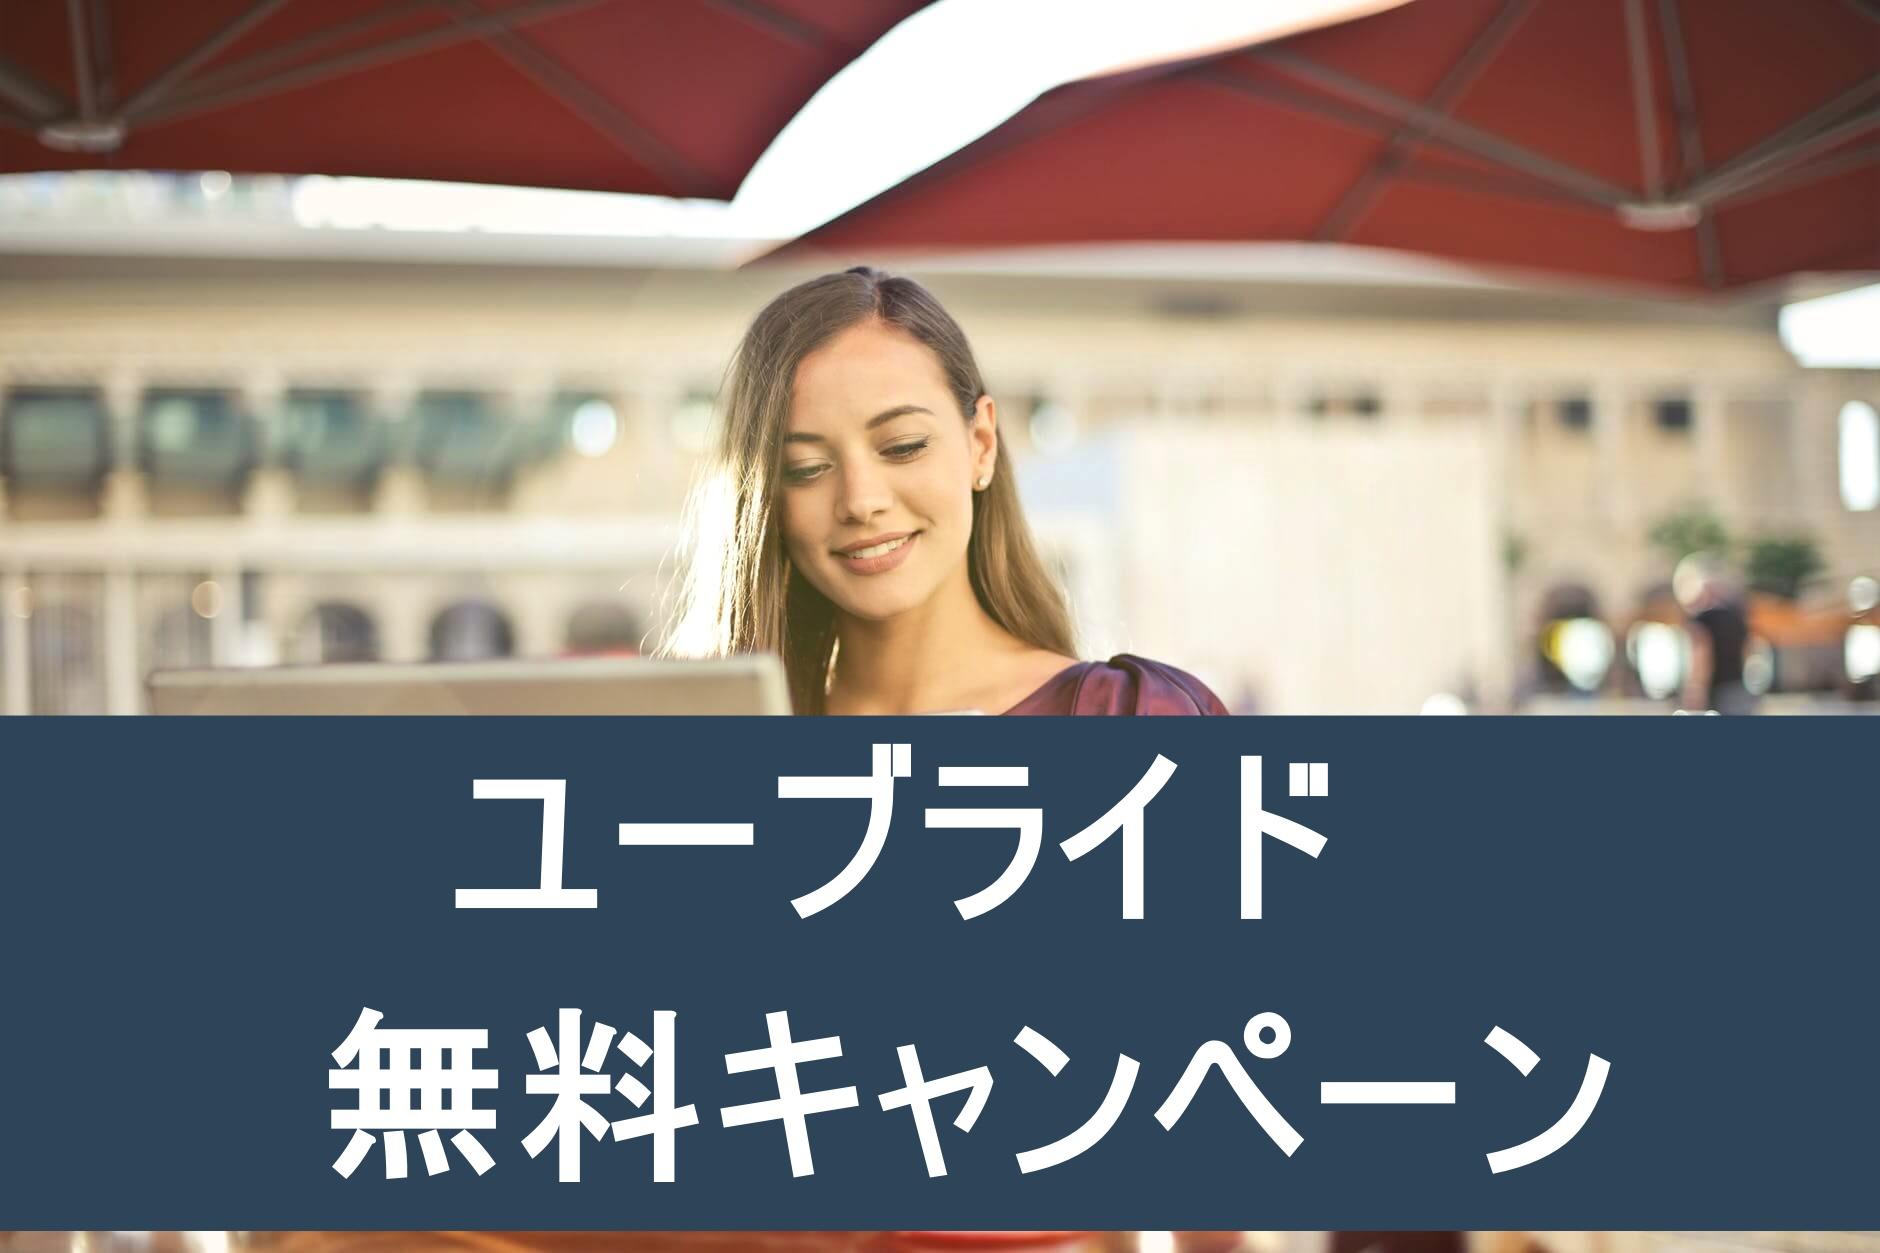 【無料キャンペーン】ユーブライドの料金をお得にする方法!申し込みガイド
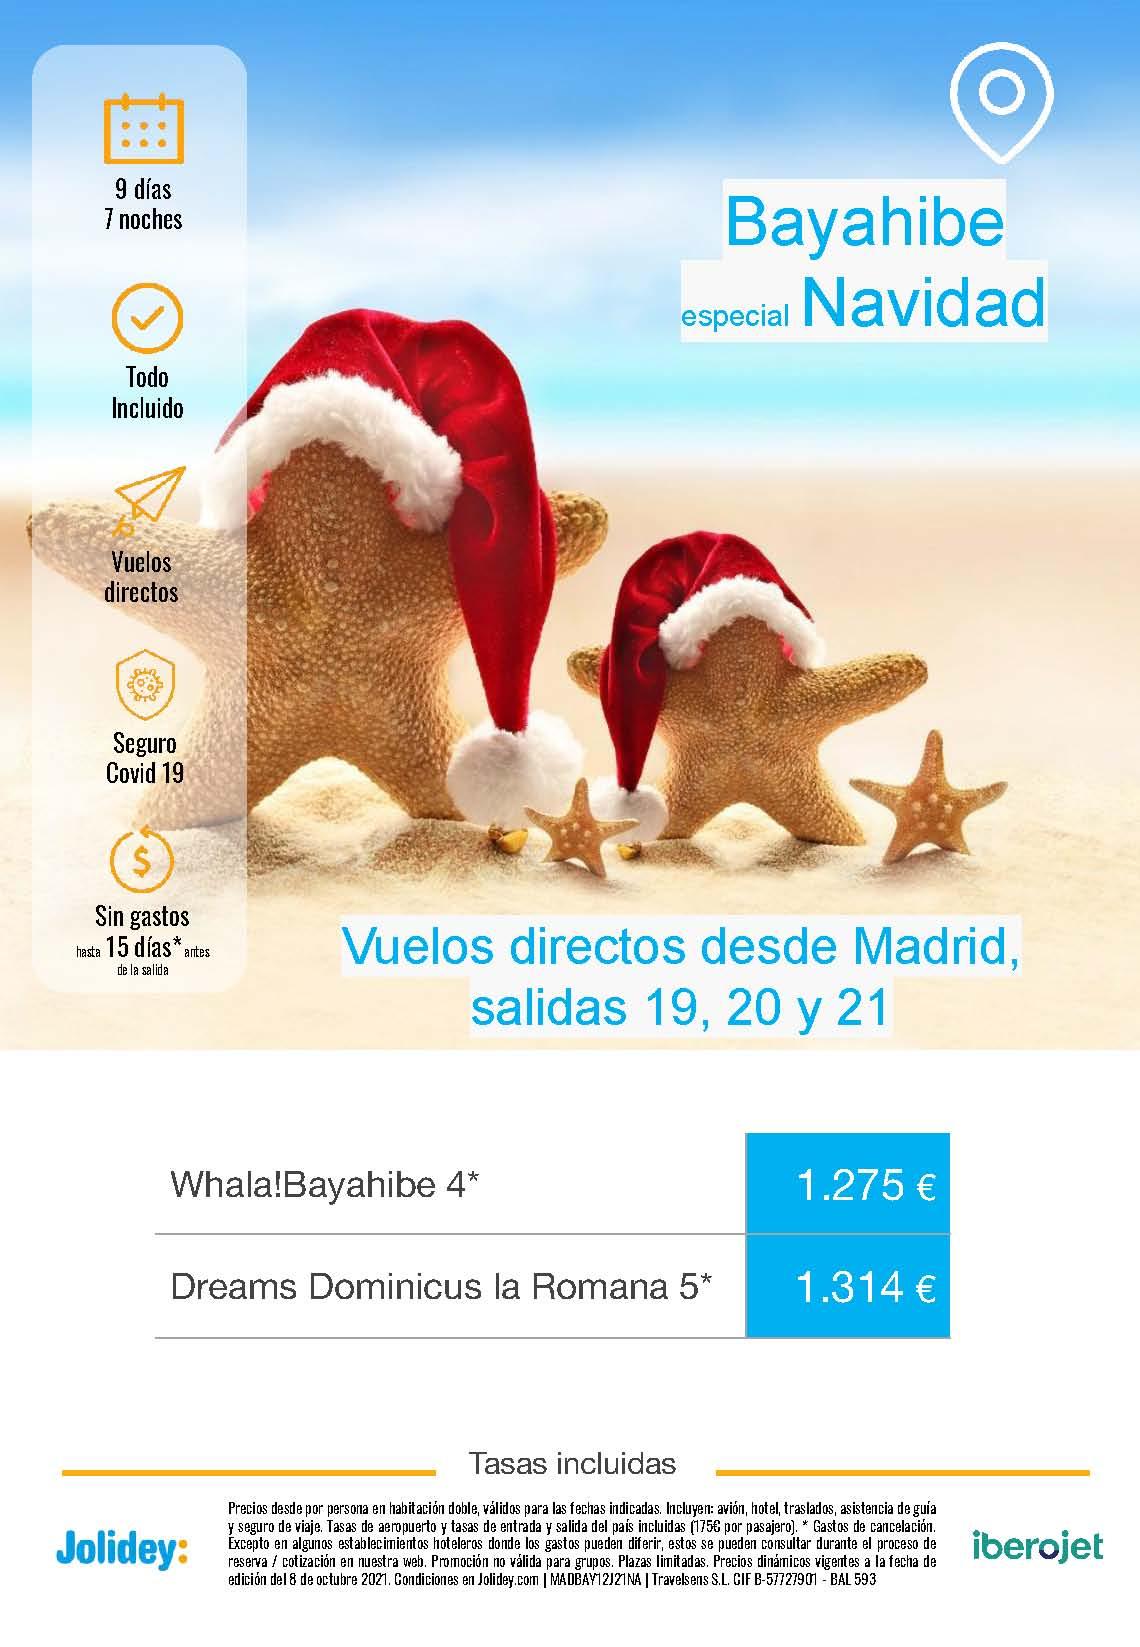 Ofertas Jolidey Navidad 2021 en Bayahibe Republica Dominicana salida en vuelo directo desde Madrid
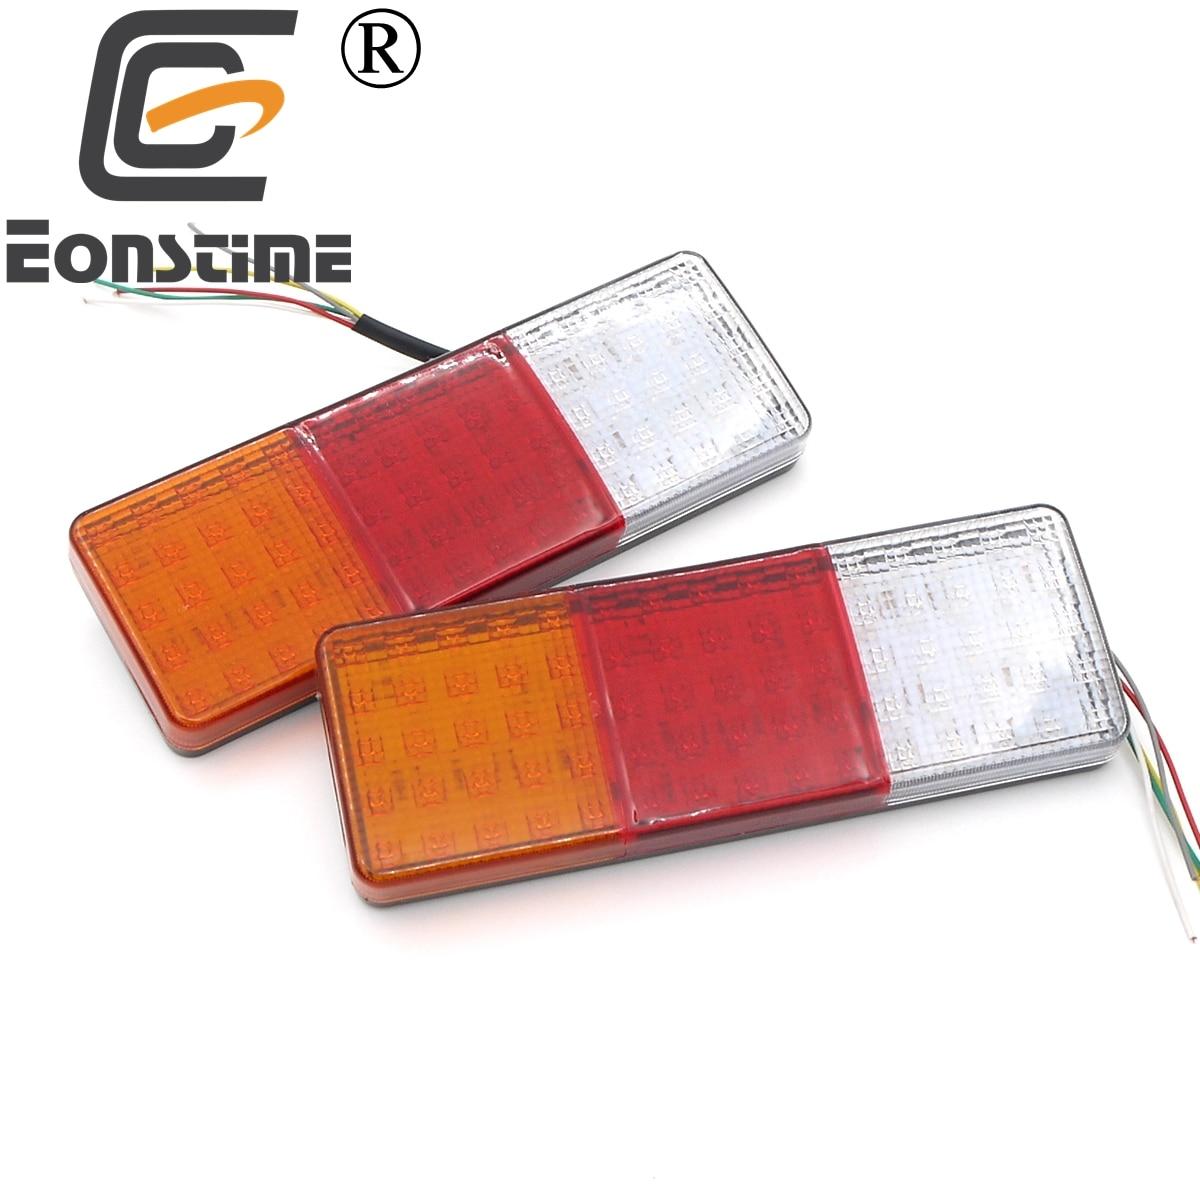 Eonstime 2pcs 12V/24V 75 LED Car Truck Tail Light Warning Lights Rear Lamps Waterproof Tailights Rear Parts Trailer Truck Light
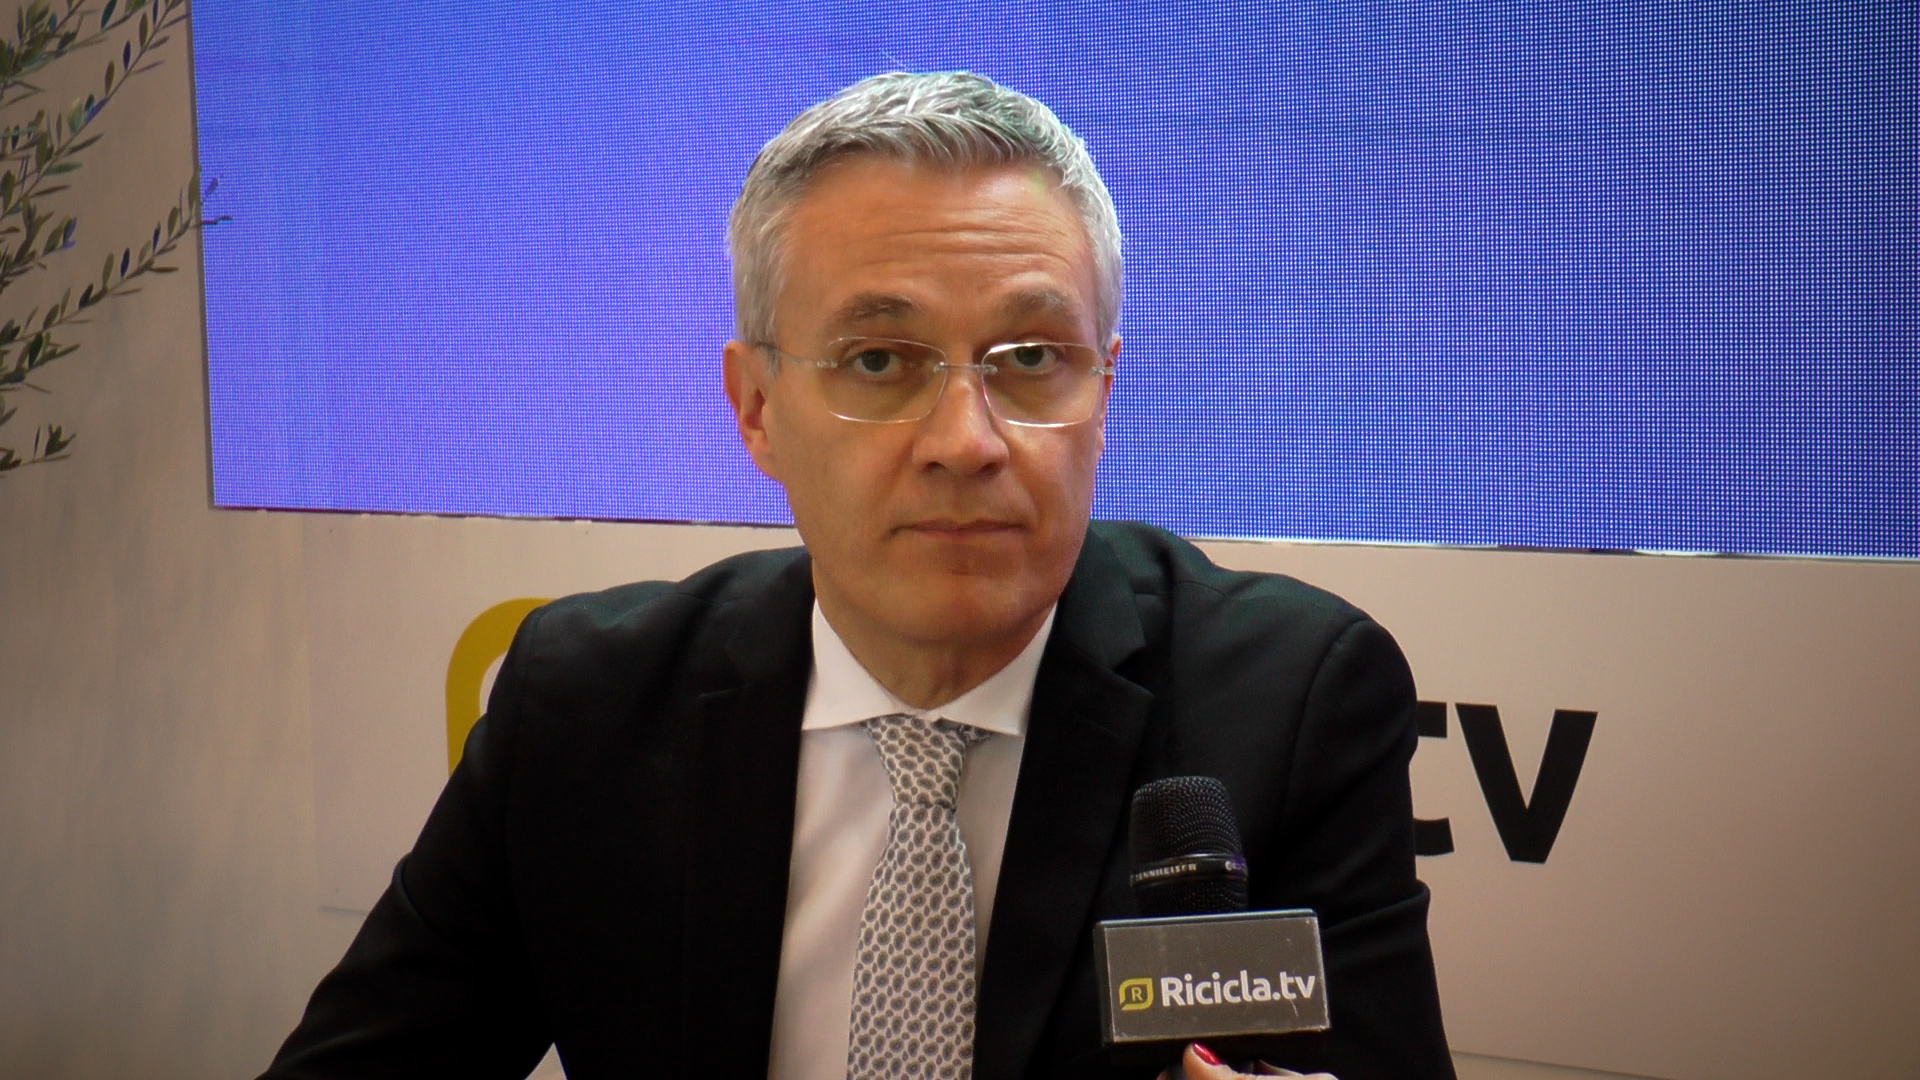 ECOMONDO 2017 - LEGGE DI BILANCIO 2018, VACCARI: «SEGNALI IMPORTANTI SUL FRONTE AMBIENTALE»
+++++
- [WHAT YOU HAVE TO DO]: Your copy should hold only the lines from the line with "Eonstime 2pcs 12V/24V" through the end of the data above, both ends included, transcribed exactly and without pictures.

- [EXERCISE OUTPUT]:
 Eonstime 2pcs 12V/24V 75 LED Car Truck Tail Light Warning Lights Rear Lamps Waterproof Tailights Rear Parts Trailer Truck Light
 ECOMONDO 2017 - LEGGE DI BILANCIO 2018, VACCARI: «SEGNALI IMPORTANTI SUL FRONTE AMBIENTALE»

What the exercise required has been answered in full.